WORK ITEM — Set down each line of the material that follows exactly, and leave its pictures out.

MATERIAL PROVIDED —
····················

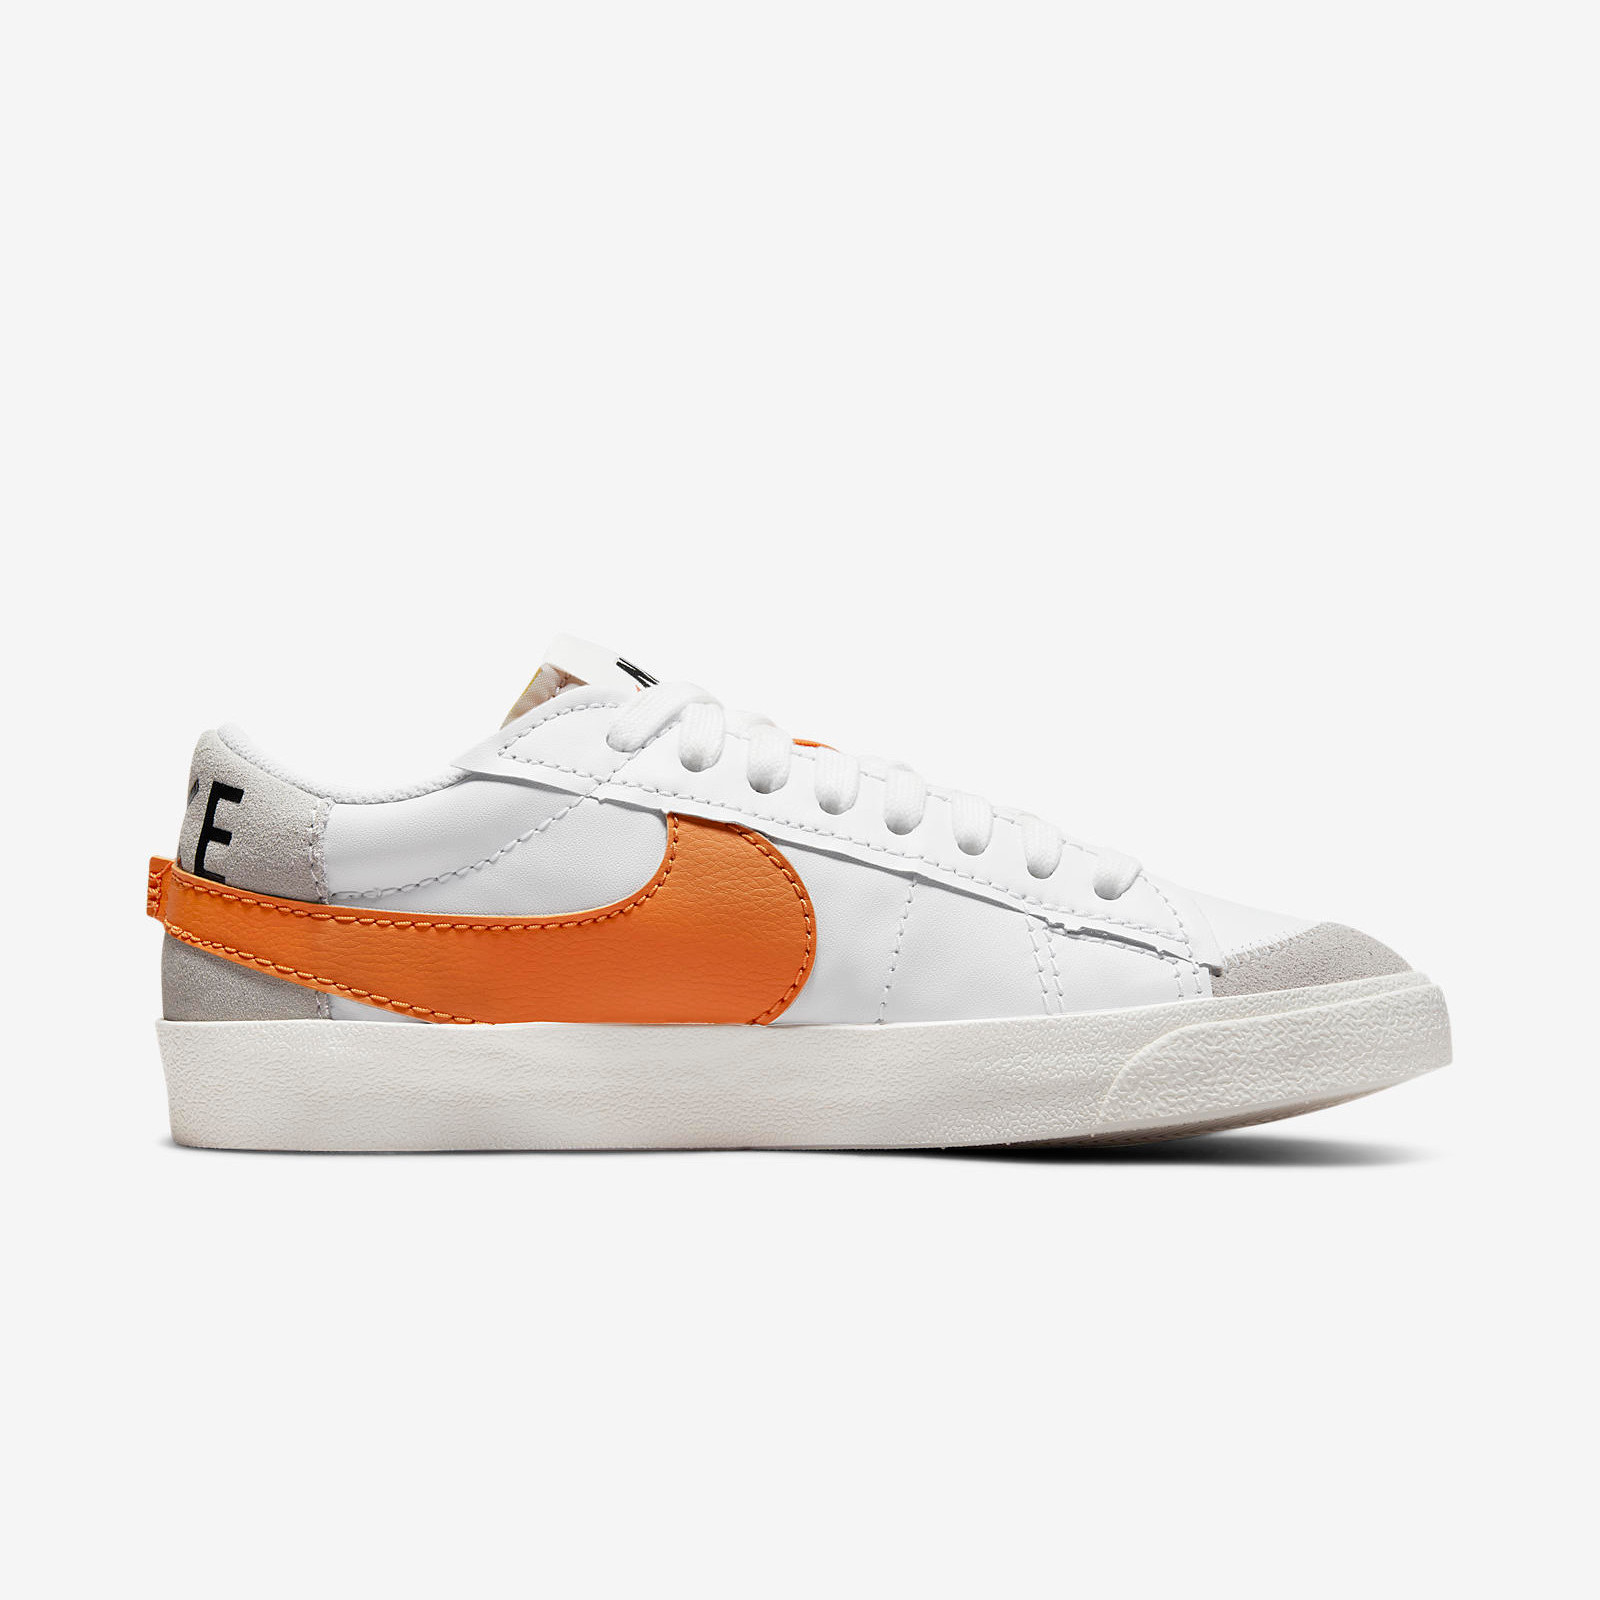 Nike Blazer Low Jumbo
Orange / White
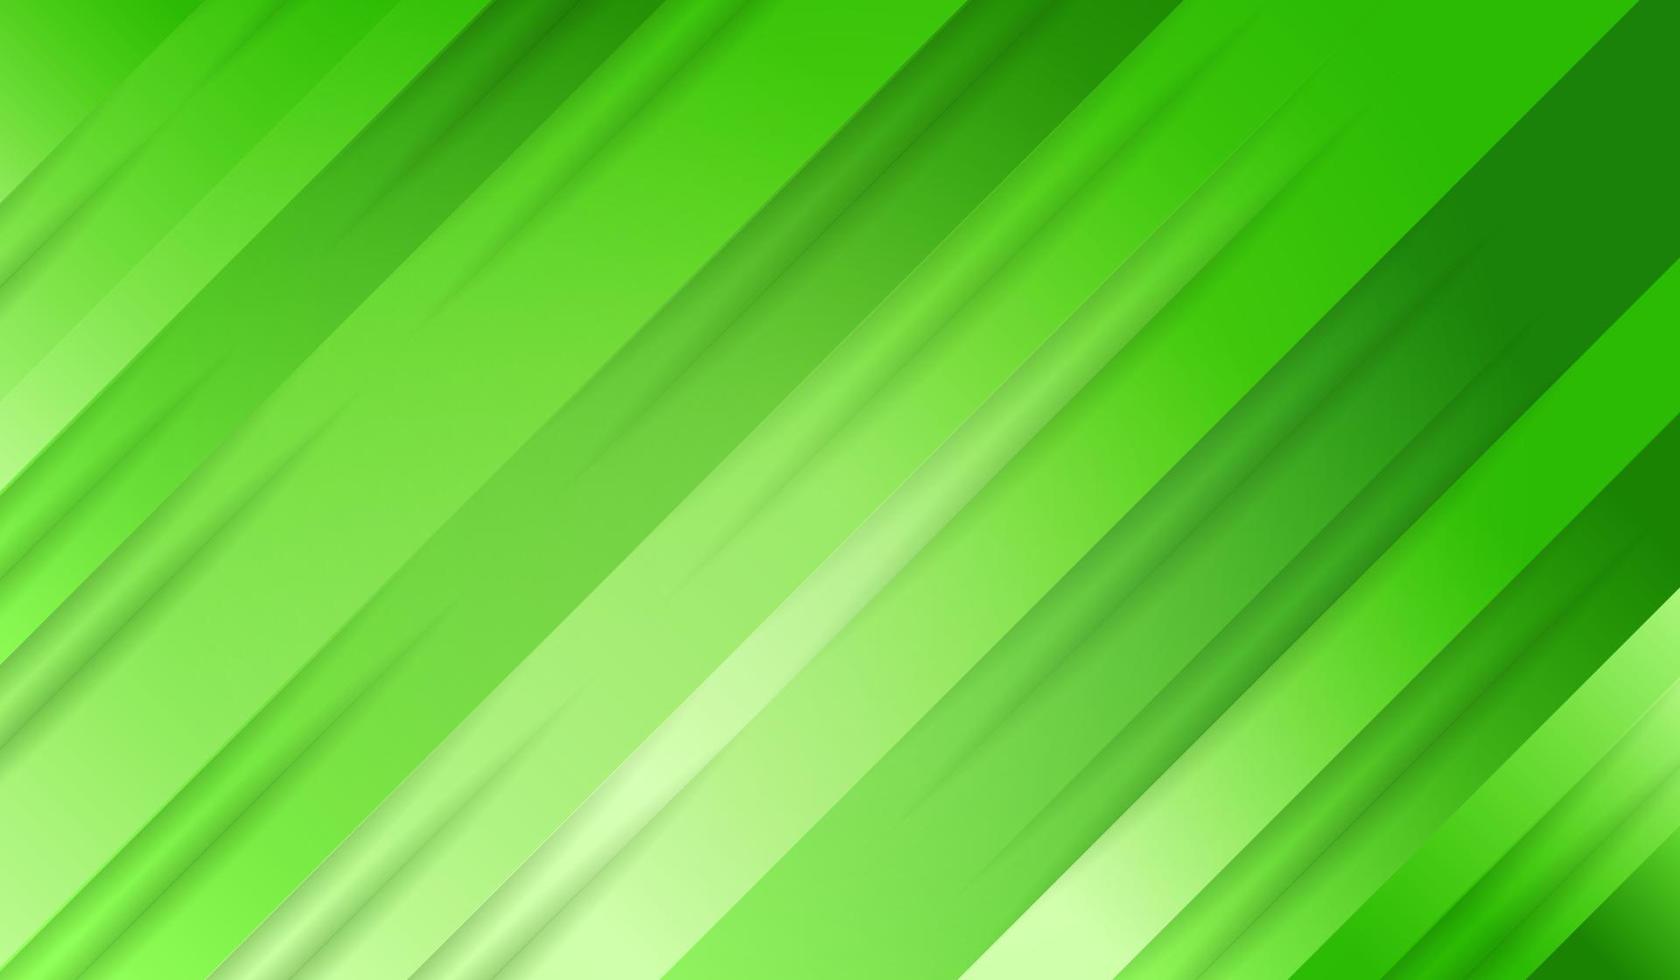 Stripe shapes background green color vector

····················

WRITTEN RESPONSE —
 Nike Blazer Low Jumbo
Orange / White
 Stripe shapes background green color vector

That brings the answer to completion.